On 12/22/2017 3:35 PM, Alex Braunegg wrote:
> Hi all,
>
> Another crash this morning:
>
> vif vif-2-0 vif2.0: Trying to unmap invalid handle! pending_idx: 0x3a
> ------------[ cut here ]------------
> kernel BUG at drivers/net/xen-netback/netback.c:430!
> invalid opcode: 0000 [#1] SMP
> Modules linked in: xt_physdev(E) iptable_filter(E) ip_tables(E) xen_netback(E) nfsd(E) lockd(E) grace(E) nfs_acl(E) auth_rpcgss(E) sunrpc(E) ipmi_si(E) ipmi_msghandler(E) k10temp(E) zfs(POE) zcommon(POE) znvpair(POE) icp(POE) spl(OE) zavl(POE) zunicode(POE) tpm_infineon(E) sp5100_tco(E) i2c_piix4(E) i2c_core(E) ohci_pci(E) ohci_hcd(E) tg3(E) ptp(E) pps_core(E) sg(E) raid1(E) sd_mod(E) ata_generic(E) pata_acpi(E) pata_atiixp(E) ahci(E) libahci(E) dm_mirror(E) dm_region_hash(E) dm_log(E) dm_mod(E) dax(E)

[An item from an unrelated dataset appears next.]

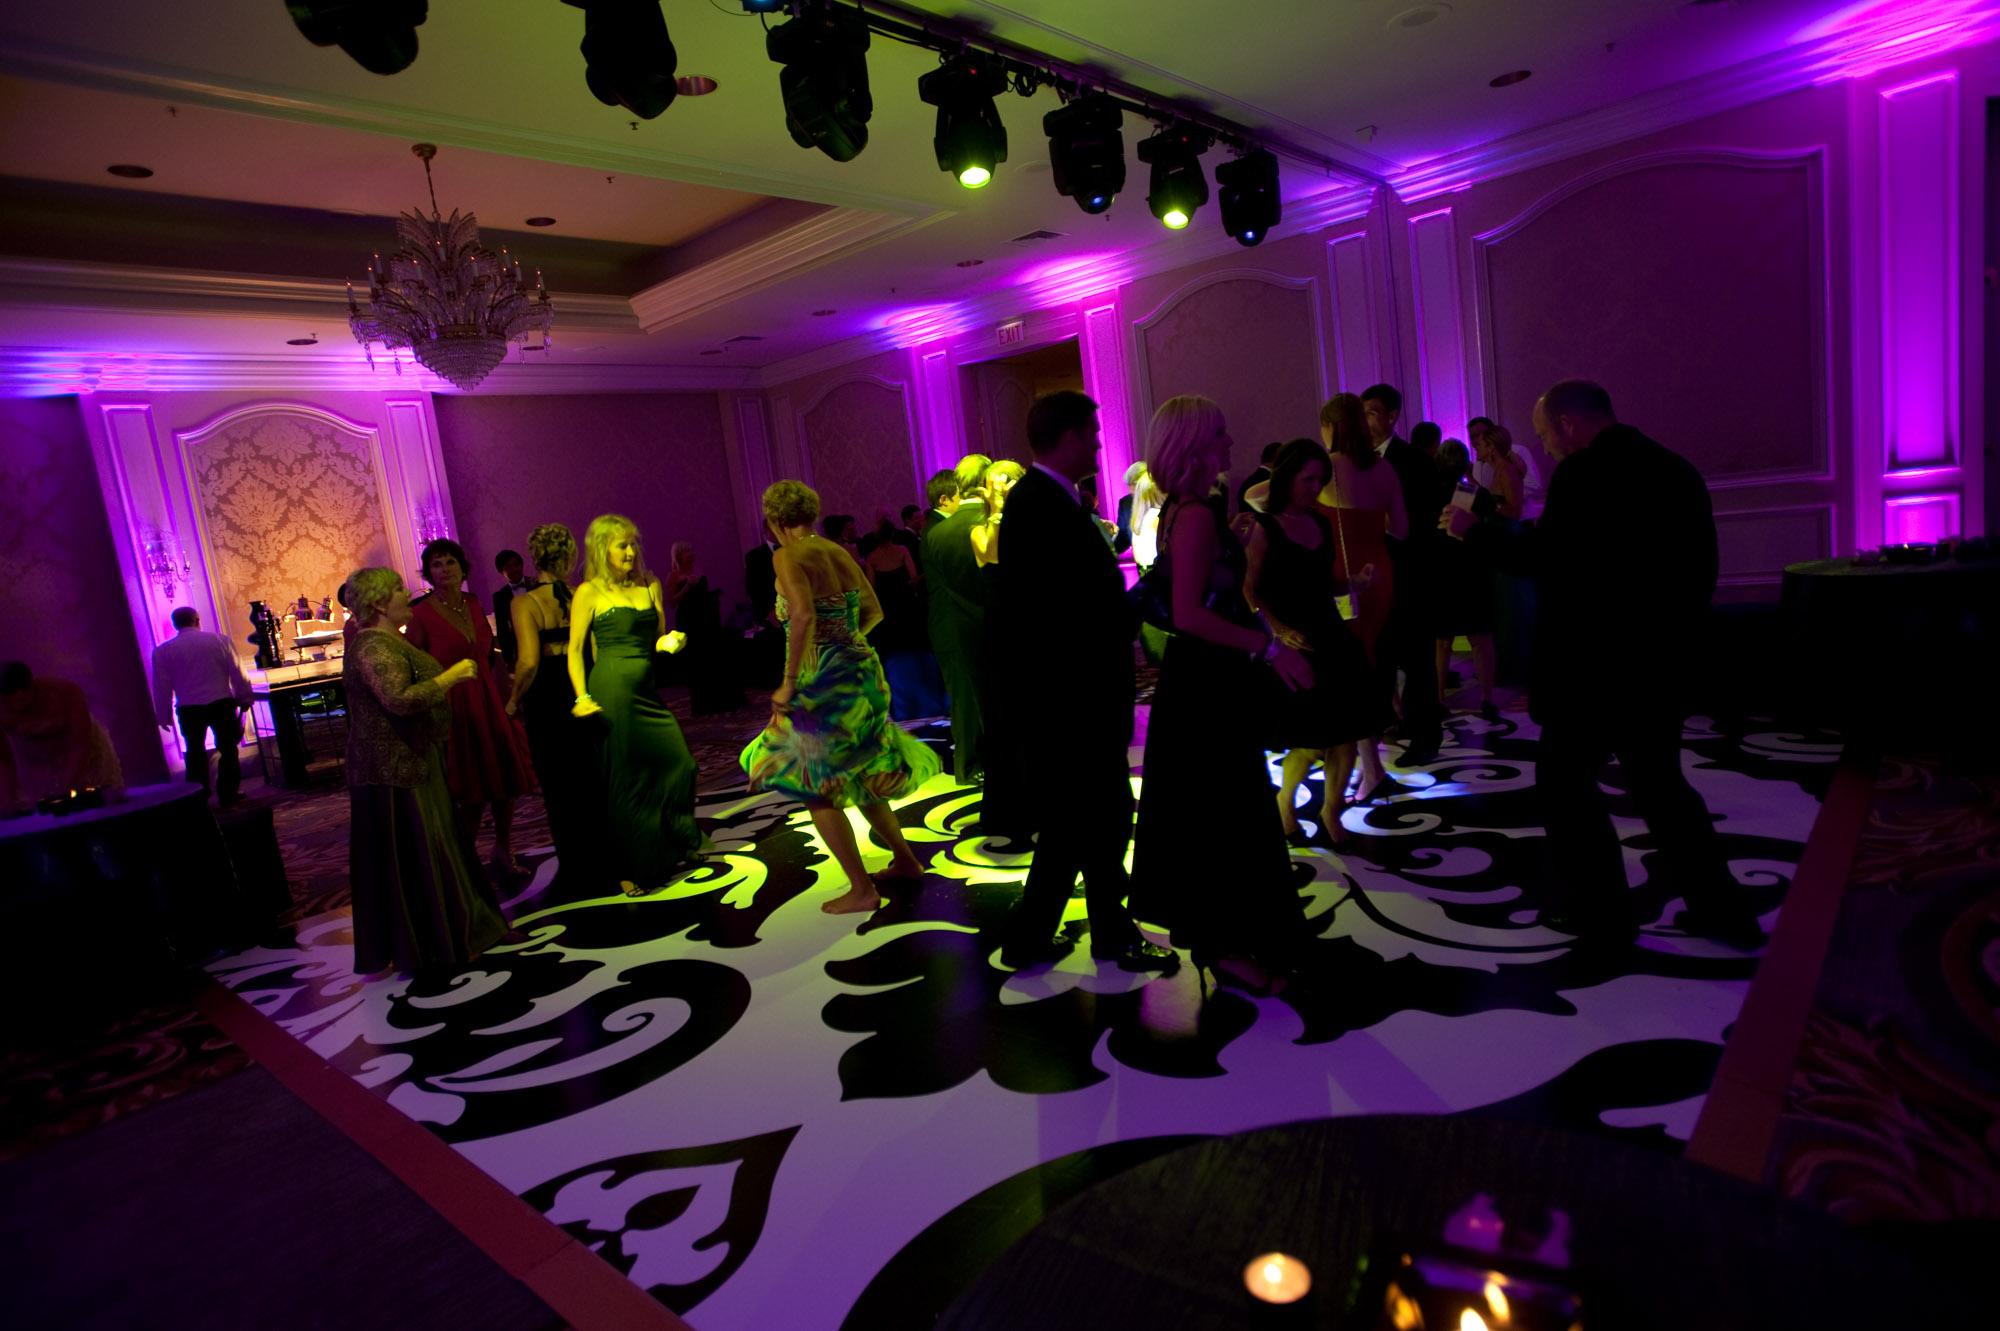 birch-bespoke-events-and-weddings-35.jpg

> CPU: 0 PID: 14238 Comm: vif2.0-q0-deall Tainted: P           OE   4.14.6-1.el6.x86_64 #1
> Hardware name: HP ProLiant MicroServer, BIOS O41     10/01/2013
> task: ffff880059e255c0 task.stack: ffffc90001f64000
> RIP: e030:xenvif_tx_dealloc_action+0x1bb/0x230 [xen_netback]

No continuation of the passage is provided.